Hasta que una amiga me dejó el libro “Mi niño no me come” de Carlos González. Tras leerlo y poner en práctica lo que dice, mi nivel de ansiedad y preocupación disminuyó considerablemente.

Si te agobia el momento diario de la comida hasta tal punto que has pensado que la única solución es dejar a tus hijos en el comedor del colegio y que se las arreglen allí con ellos (a la vez que te sientes frustrada y la peor madre del mundo por pensar en abandonarlos a su suerte), te recomiendo el libro de Carlos González.

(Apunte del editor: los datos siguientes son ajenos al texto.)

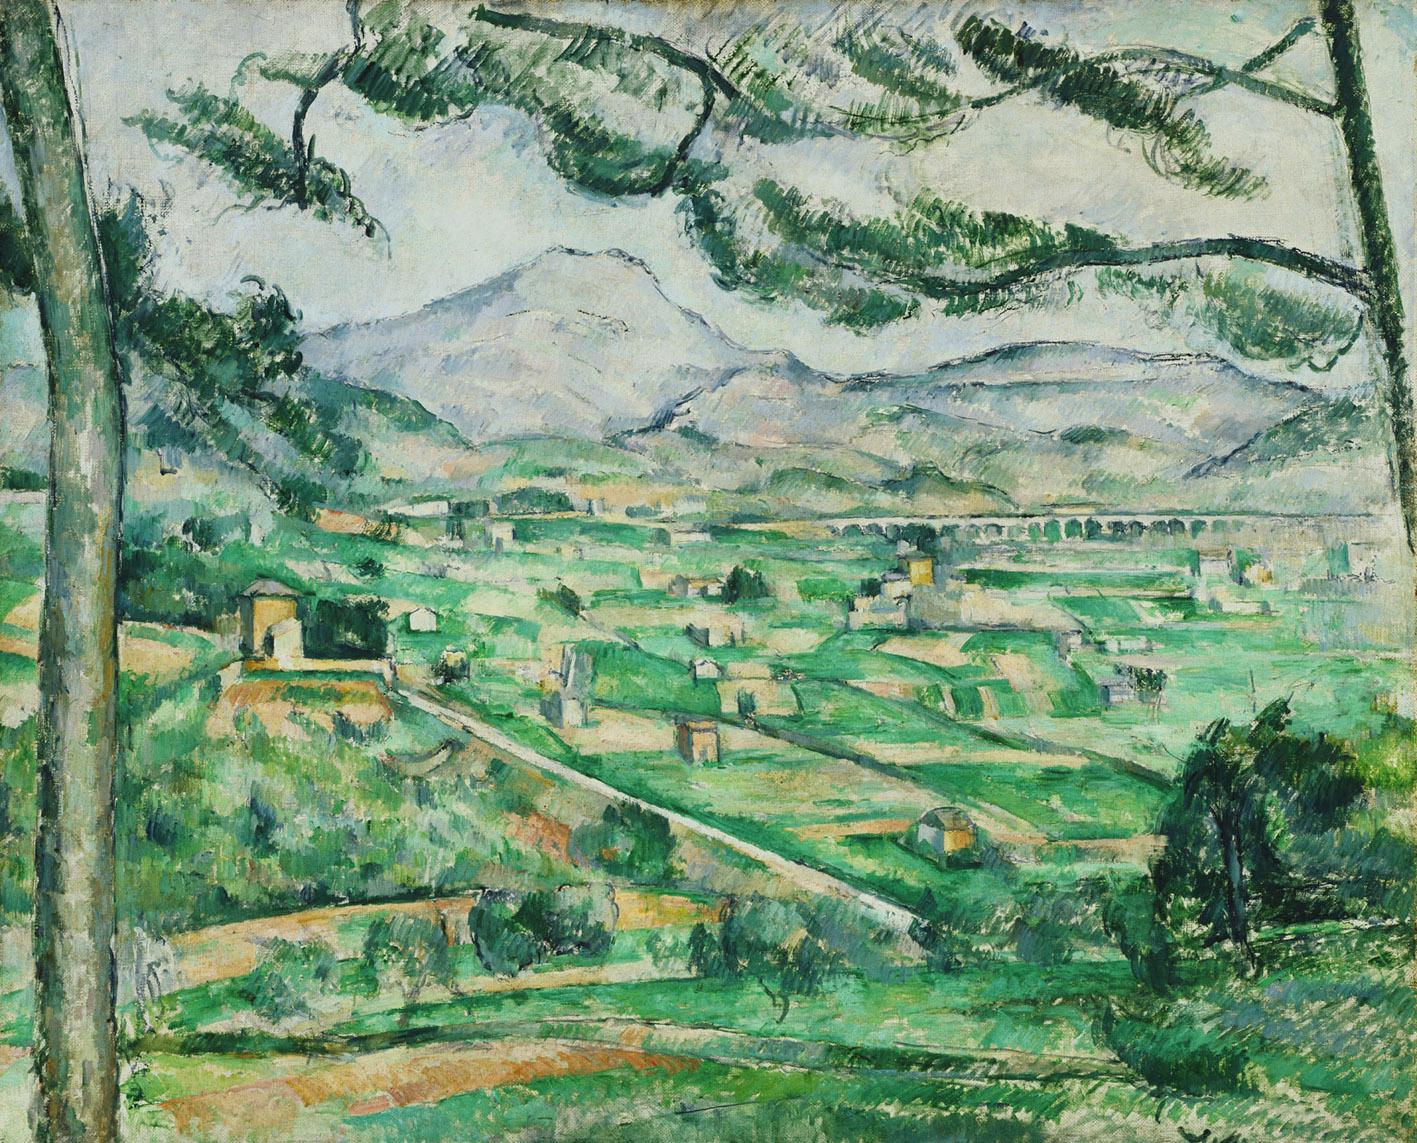 La montaña Saint Victoire, por Paul Cézanne, 1886-87, óleo sobre lienzo, 59,7 x 72,4 cm, The Phillips Collection, Washington, D.C., adquirido en 1925. Arriba, La habitación azul, por Pablo Picasso, 1901, óleo sobre lienzo, 50,5 x 61,6 cm, The Phillips Collection, Washington, D.C., adquirido en 1927.

Por si no puedes salir corriendo ahora mismo a conseguirlo, te cuento la idea que cambió mi pesadilla. Haz el siguiente ejercicio:

El domingo, o cualquier otro día de la semana, pesa a tu hijo y apunta el valor que te da la báscula.

Durante esa semana (7 días) dale la comida que sueles darle habitualmente. Cuando diga que no quiere más se la retiras. No hay gritos, ni amenazas…

Pasada esa semana lo vuelves a pesar. Compara el dato obtenido ahora con el que habías apuntado.

¿Cuál es el resultado de este ejercicio? Verás que el peso se mantiene. Éste es un dato objetivo de que tu hijo come, más o menos, lo misma cantidad si le gritas y le riñes que si le retiras el plato cuando te lo pide.

Donde se notan grandes cambios es en el ambiente que se respira a la hora de la comida. Se pasa de vivir unos momentos angustiosos a disfrutar de un rato en familia y conversación.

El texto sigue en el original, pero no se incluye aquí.